__Data below__:
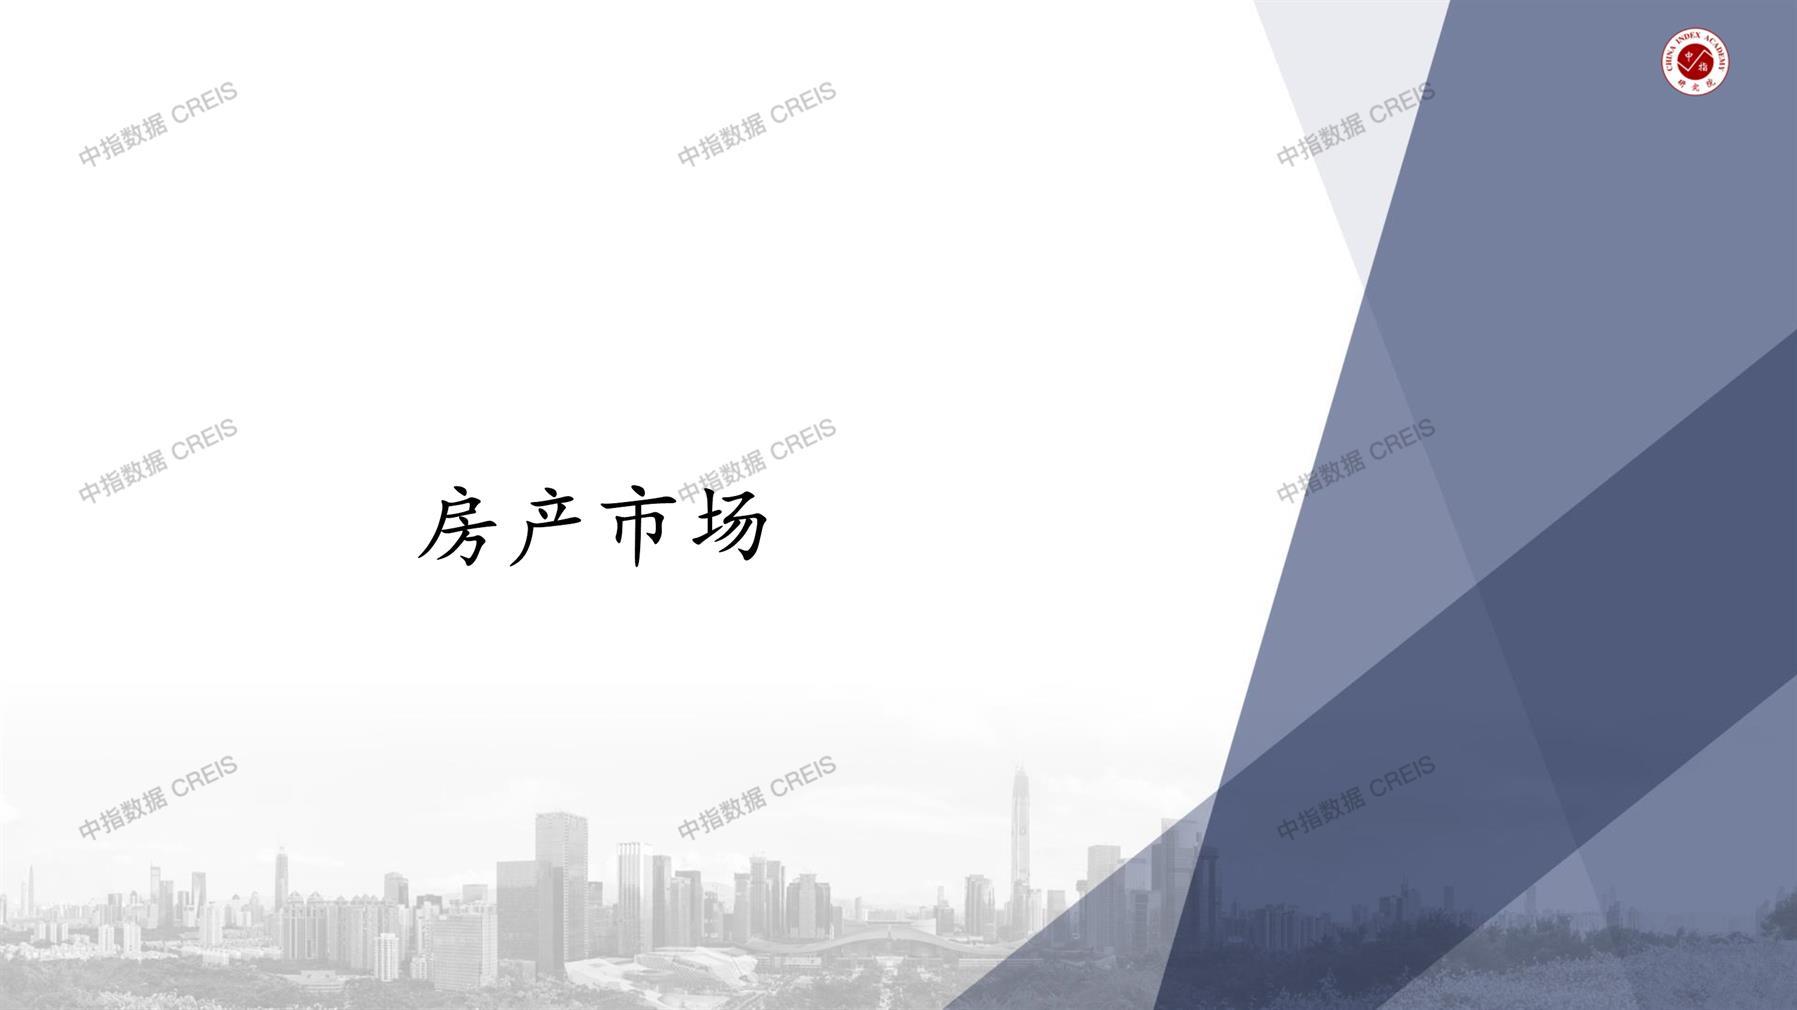 安庆、安庆房地产市场、商品房销售、住宅成交、土地市场、地块面积、安庆写字楼
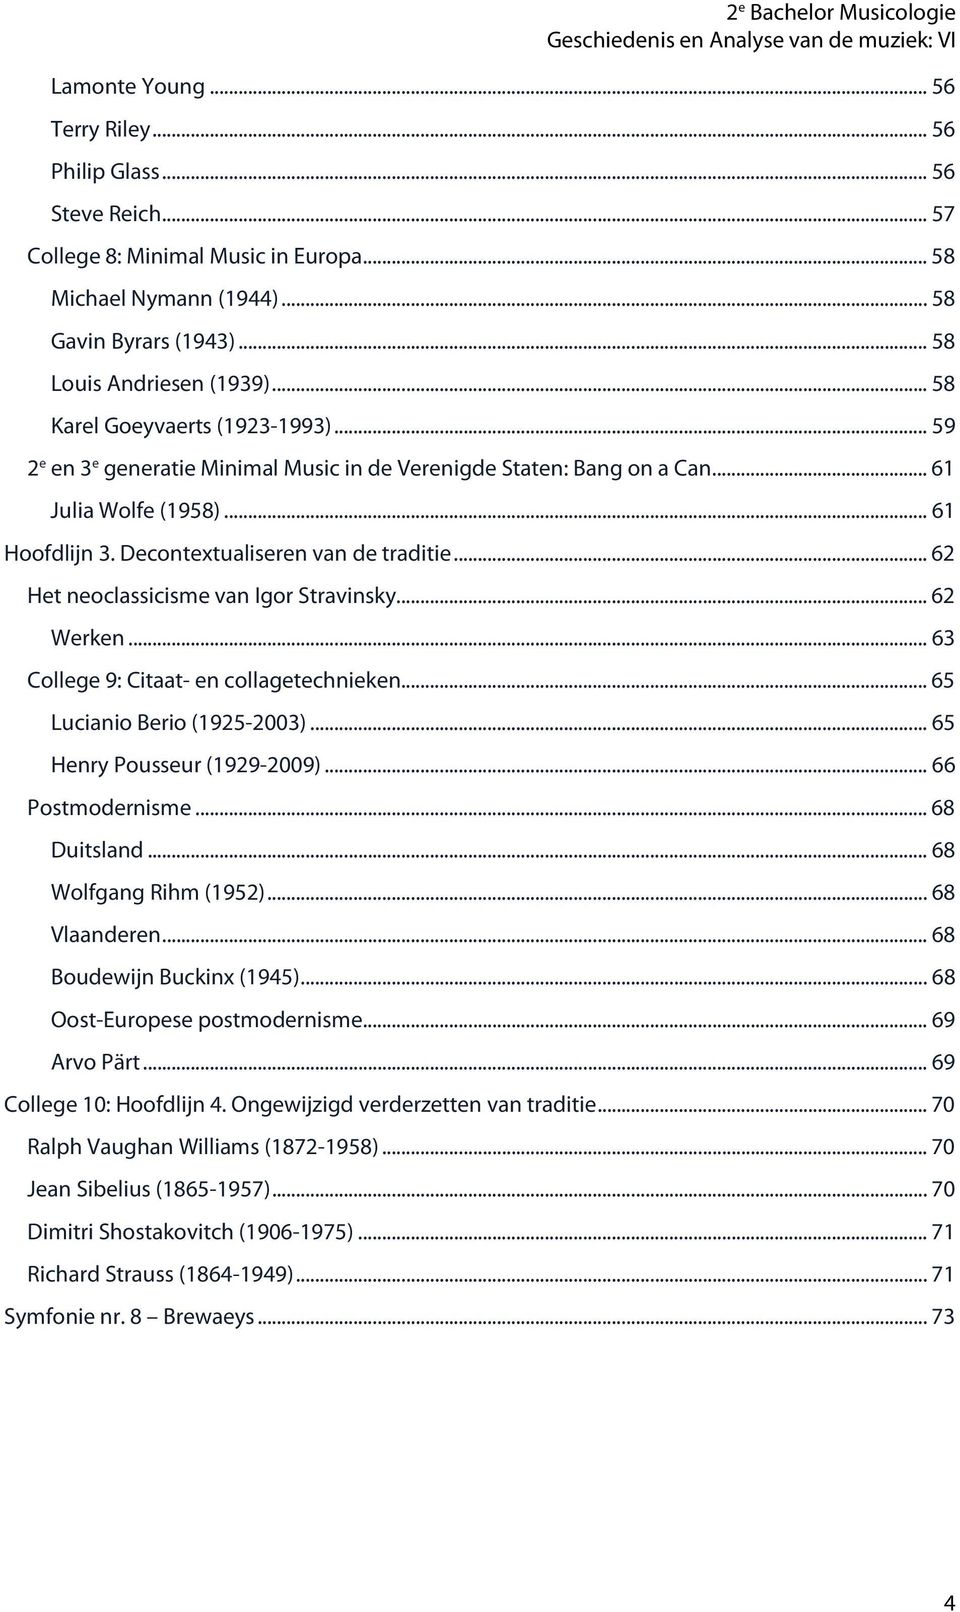 .. 62 Het neoclassicisme van Igor Stravinsky... 62 Werken... 63 College 9: Citaat- en collagetechnieken... 65 Lucianio Berio (1925-2003)... 65 Henry Pousseur (1929-2009)... 66 Postmodernisme.
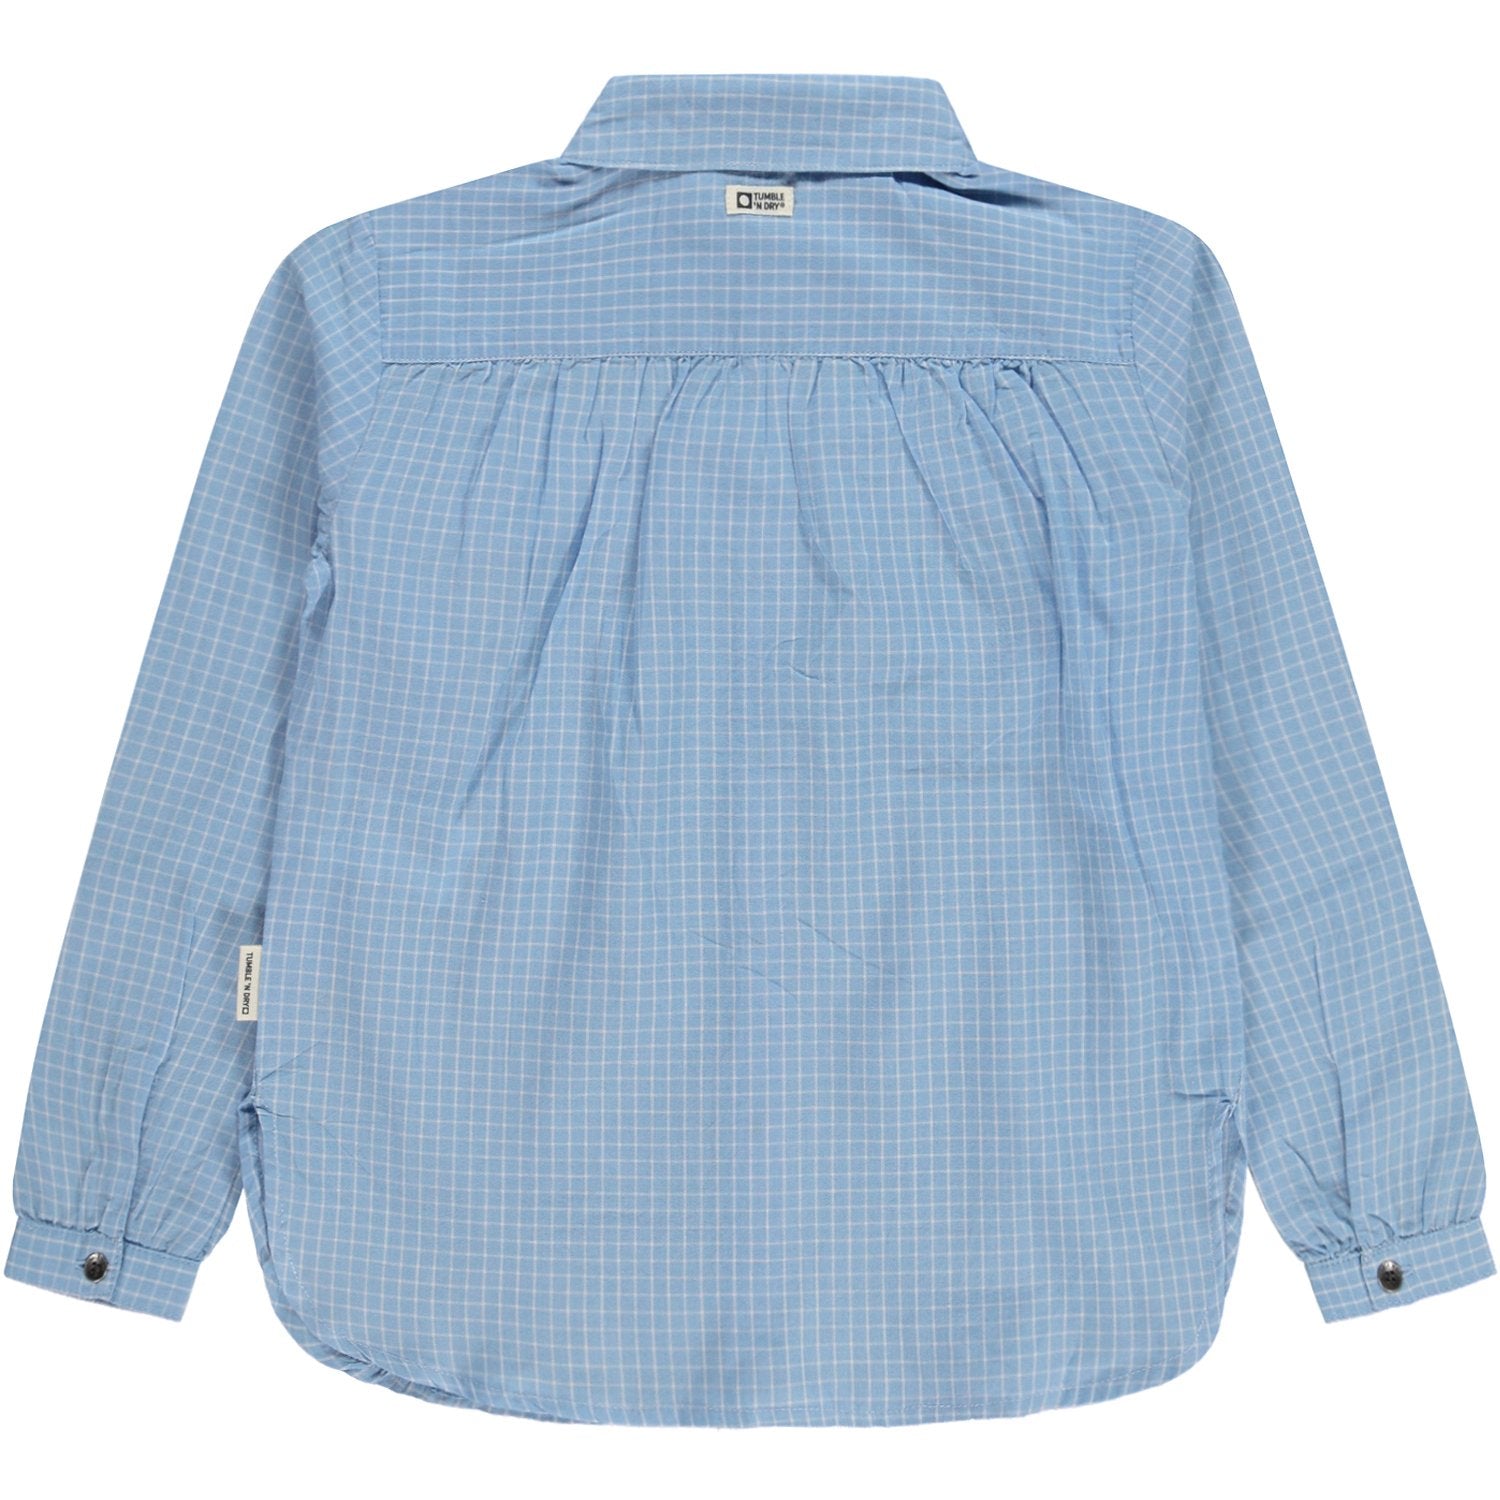 Meisjes Shirt Lm van Tumble 'n Dry in de kleur Placid blue in maat 134/140.
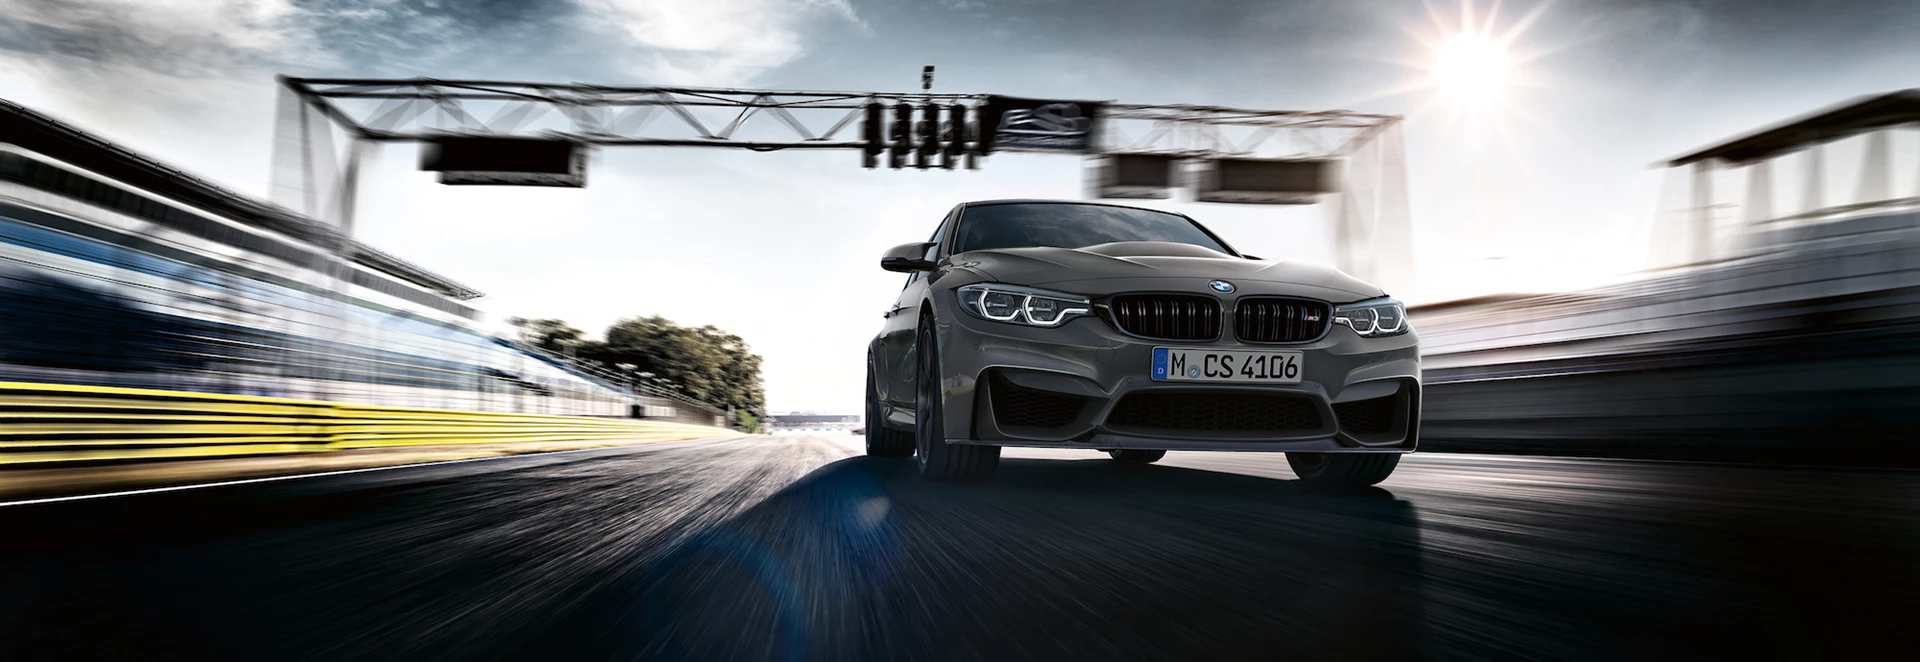 BMW reveals M3 CS special edition

__Work task__:
Output the material above verbatim but exclude each picture.

__Reply__:
 安庆、安庆房地产市场、商品房销售、住宅成交、土地市场、地块面积、安庆写字楼
 .. 62 Het neoclassicisme van Igor Stravinsky... 62 Werken... 63 College 9: Citaat- en collagetechnieken... 65 Lucianio Berio (1925-2003)... 65 Henry Pousseur (1929-2009)... 66 Postmodernisme.
 Meisjes Shirt Lm van Tumble 'n Dry in de kleur Placid blue in maat 134/140.
 BMW reveals M3 CS special edition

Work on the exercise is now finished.